Further RCTs including larger sample sizes, different age groups and mental disorders are needed. While evidence suggests that research has widely neglected populations under the age of 25, future research should specifically address youth populations between the ages of 10 and 12 years. They form an interesting age group as research has emphasized a significant drop in ER skills at this age [47]. Furthermore, studies involving youth mostly investigate anxiety or depressive symptoms, while only a few have looked at ER in relation to other mental disorders. Similarly, interventions with a specific focus on ER often target specific disorders. Considering the suggested transdiagnostic nature of ER, future studies should involve participants from a broader psychopathological spectrum.

To increase our understanding of ER interventions and associated change mechanisms, future research needs to assess and actually report ER processes. A large number of studies was excluded, due to missing ER assessment. This can not only improve future interventions, but would also reduce the exploratory nature of current interventions. In line with this we suggest that future research should focus on the impact of measurement error in their studies. As mentioned above, studies included a wide range of ER measures, which have been based on different theories and models around ER. Thus, a psychometric meta-analysis of current ER measures, would be highly beneficial to the field.

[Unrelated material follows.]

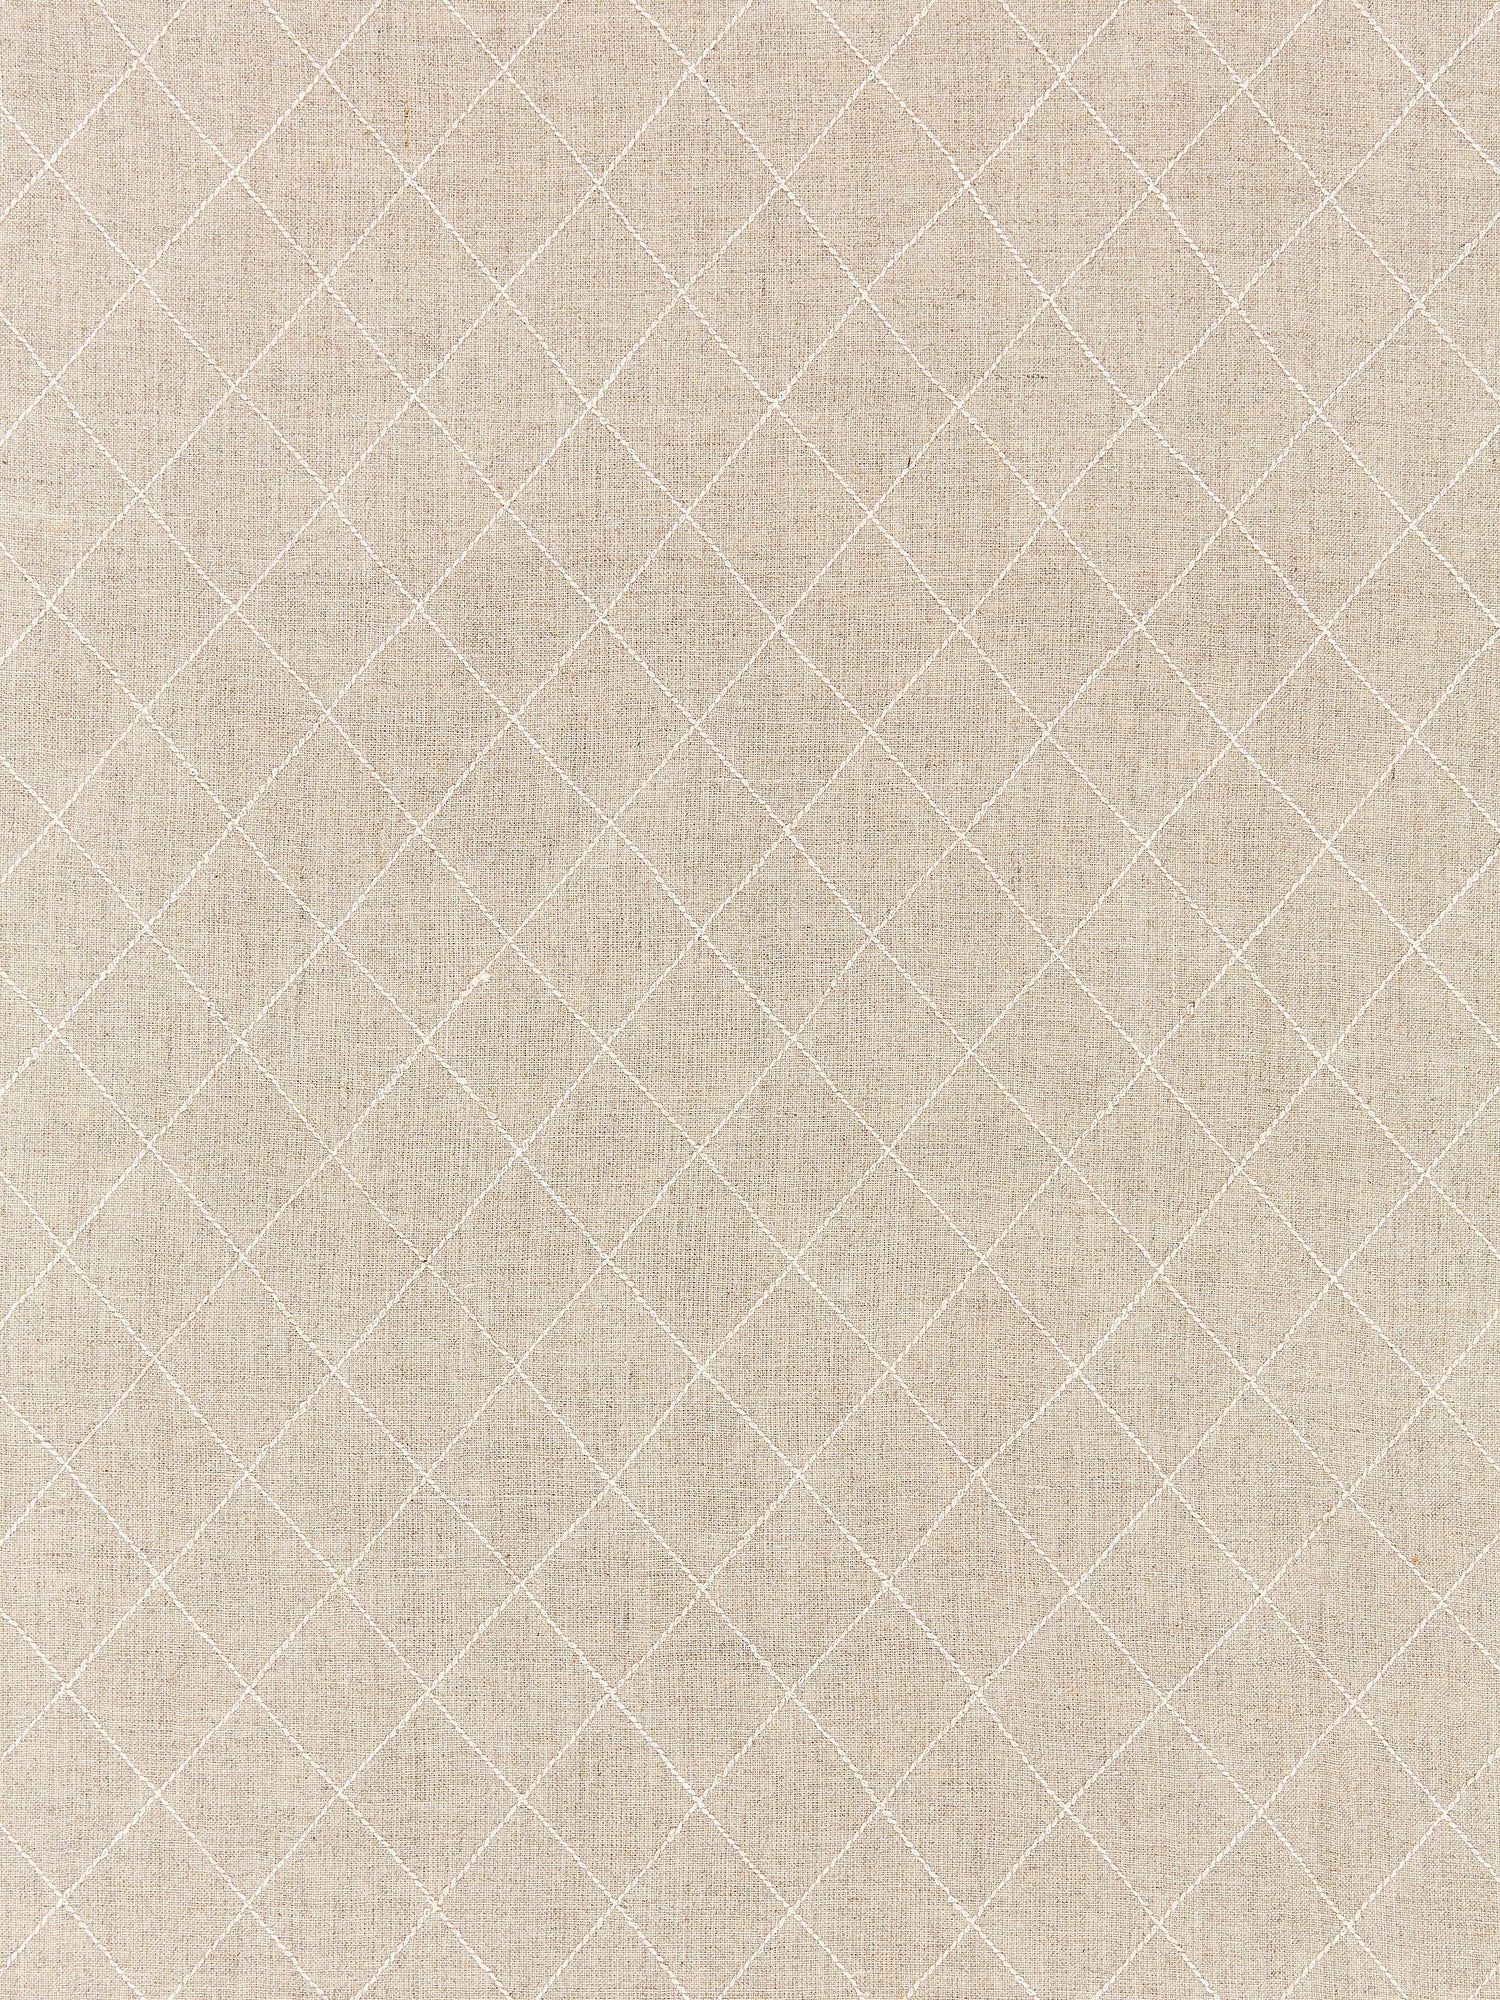 Counterpane fabric in natural color - pattern number SC 000127150 - by Scalamandre in the Scalamandre Fabrics Book 1 collection

Finally, we found that the investigation of positive ER strategies and ER abilities is still widely neglected. Although, past research has highlighted that adaptive ER strategies, as opposed to maladaptive strategies, were more strongly related to psychopathology in youth [53]. The opposite has been reported in adult studies [54]. We identified only one study that assessed a positive ER strategy [55]. This could be related to the fact that positive psychology is still a rather young field in comparison to the traditional CBT approaches or that the use of ER strategies has been less frequently studied in youth populations. Nevertheless, in line with previous research [12, 53] and our findings, we argue for a greater focus on the positive dimension of ER especially in researching and working with young populations.

Conclusion

This is the first meta-analysis that summarizes the evidence of psychological intervention to enhance ER in youth. The findings indicate that current interventions improve ER and that changes in ER co-occur with changes in psychopathological symptoms. The findings add to the existing literature, which has widely neglected youth populations thus far. Important implications for future clinical work and research have been made.